*** Given material ***
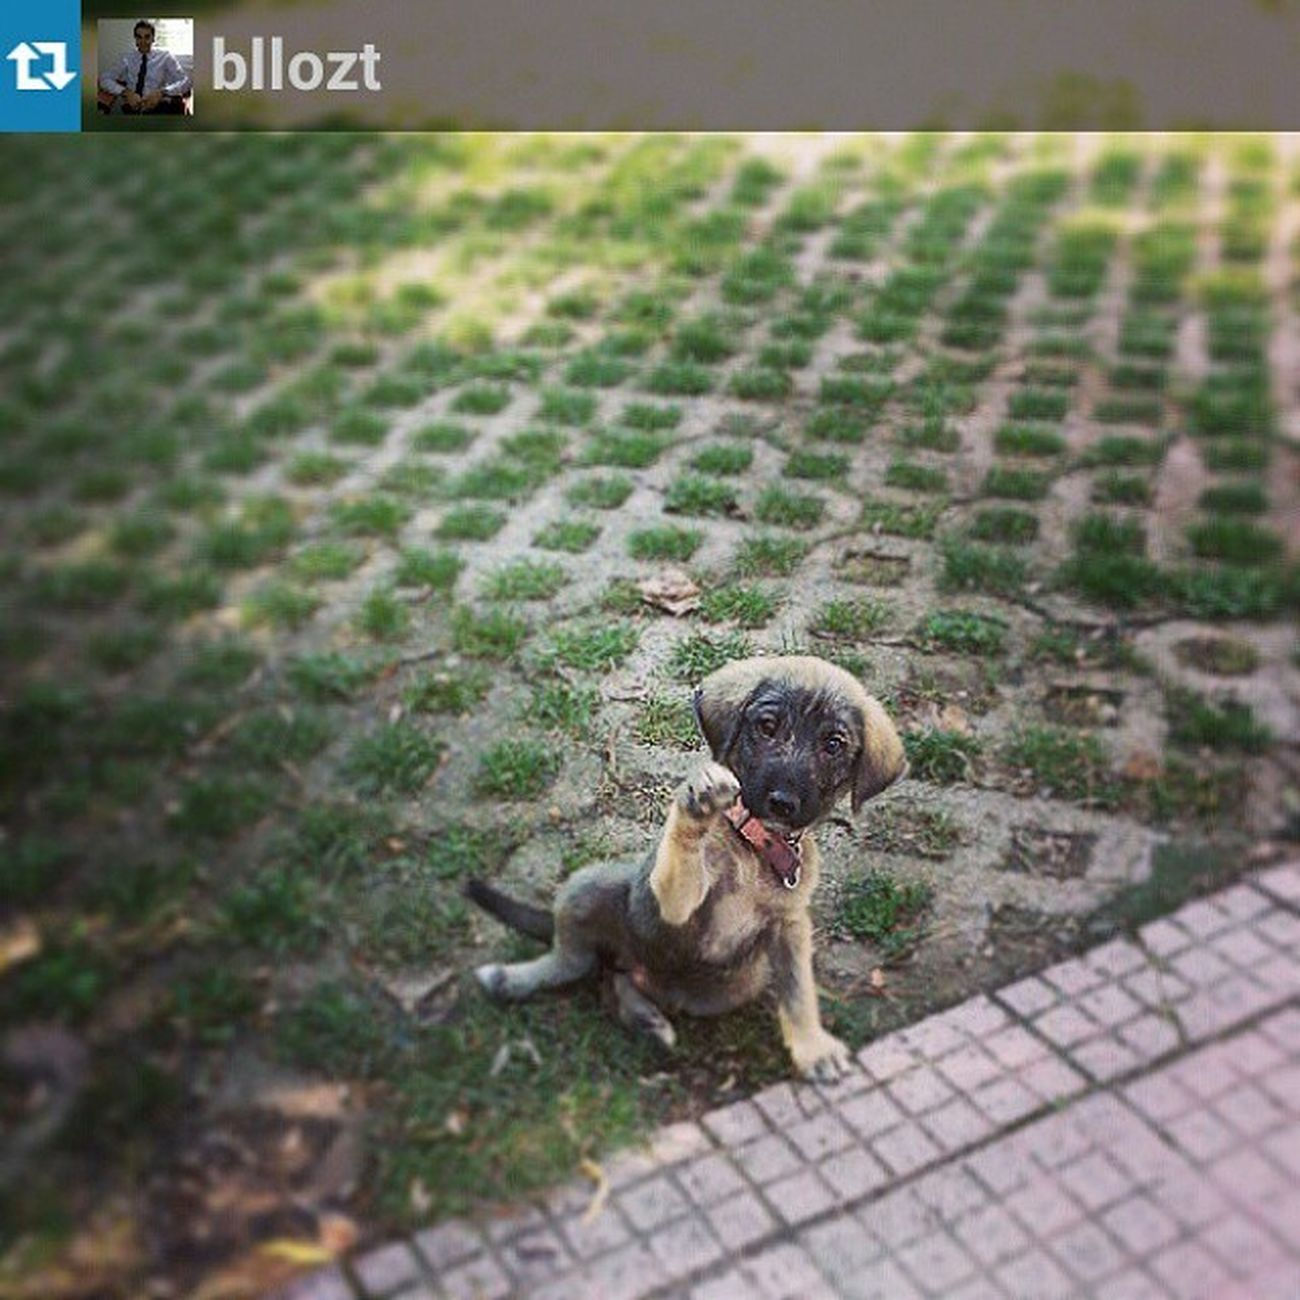 Repost from @bllozt with @repostapp — Köpekler değişse de isim hep aynı Yeni Cesur Brave dog tasma pınarca Çerkezköy
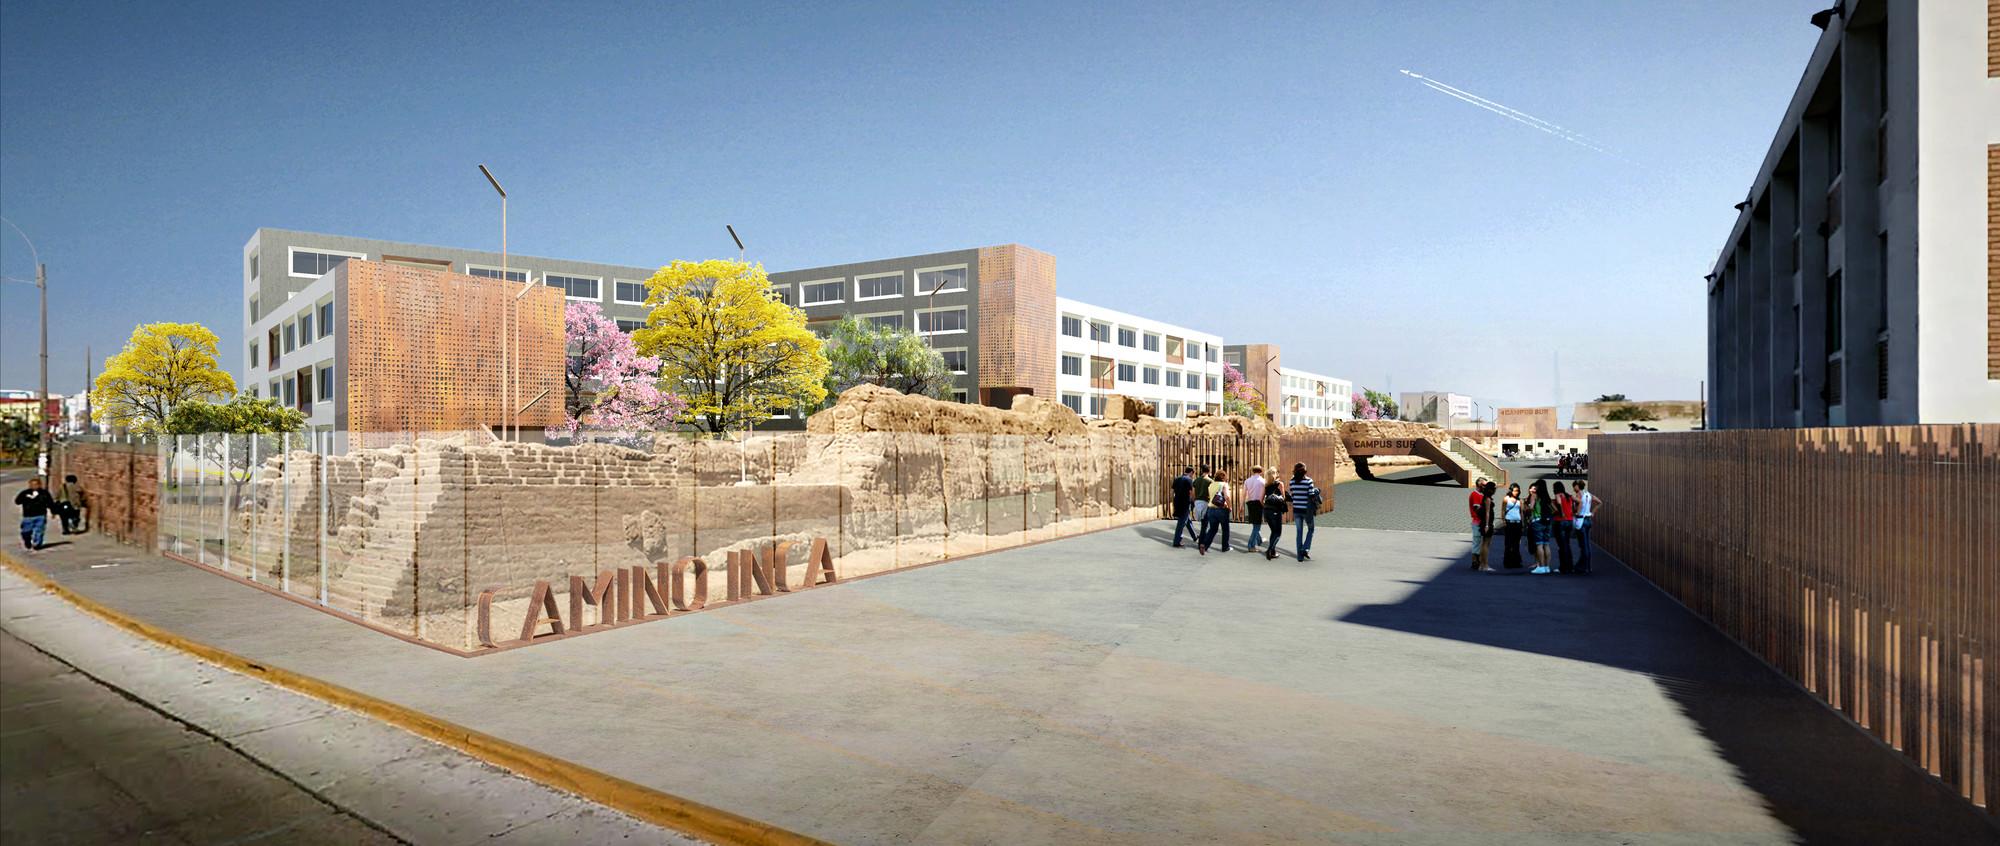 Vista entrada. Image Courtesy of Equipo Segundo Lugar
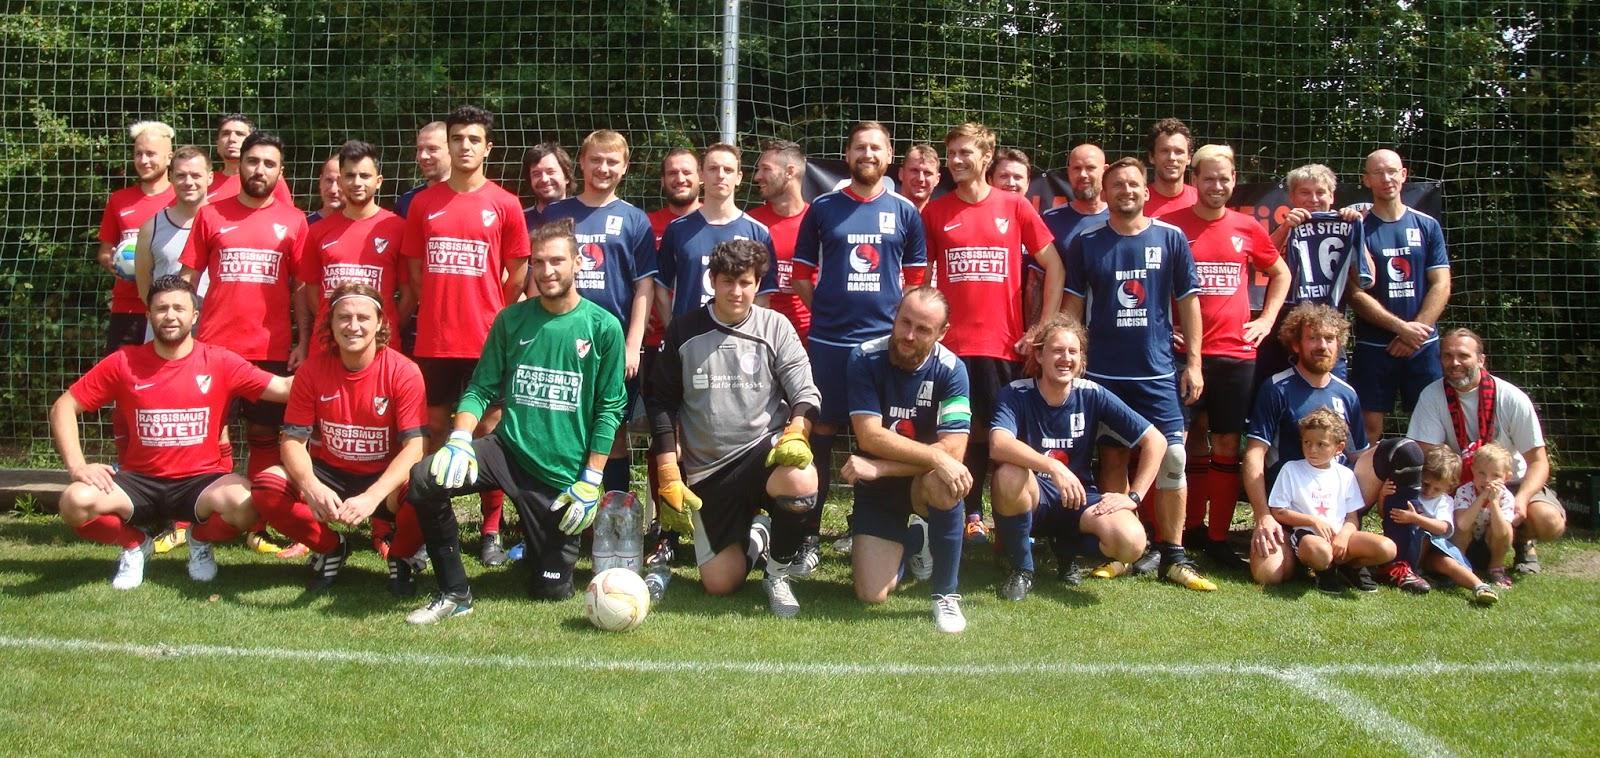 Roter Stern Altenburg Fussball August 2018
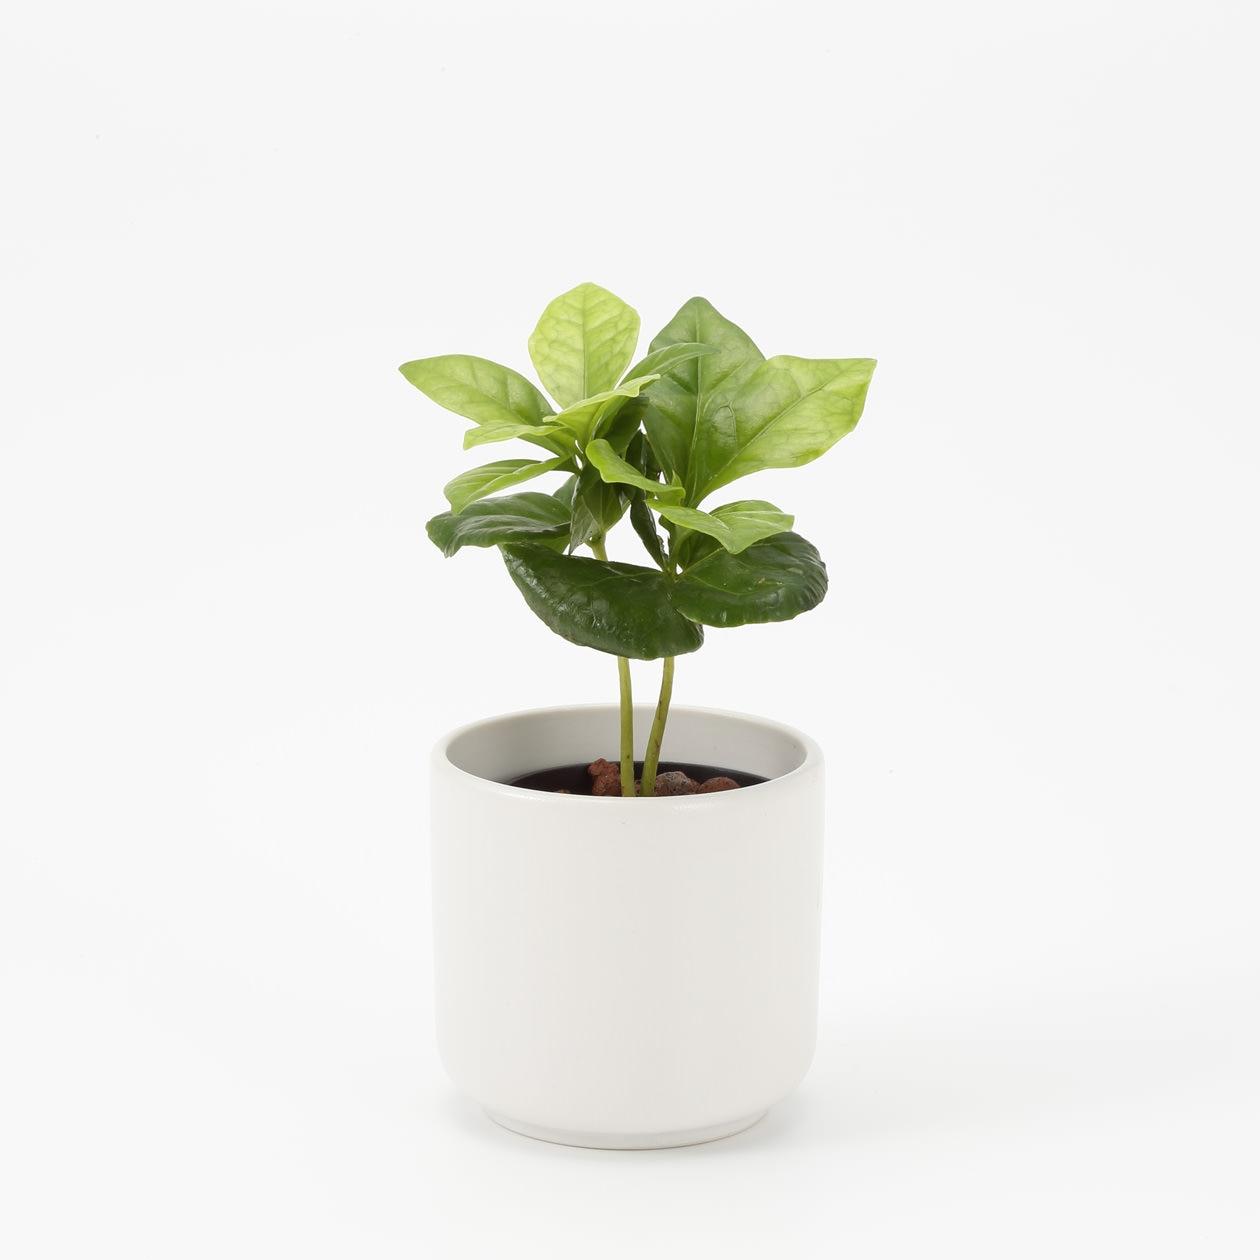 瀬戸焼の鉢 コーヒーの木 2号
*** End of Given material ***
• Exercise description: Every line between the one containing "Roter Stern Altenburg Fussball August 2018" and the end of the listing, both included, needs to be retyped exactly, minus the pictures.

• Response:
 Roter Stern Altenburg Fussball August 2018
 瀬戸焼の鉢 コーヒーの木 2号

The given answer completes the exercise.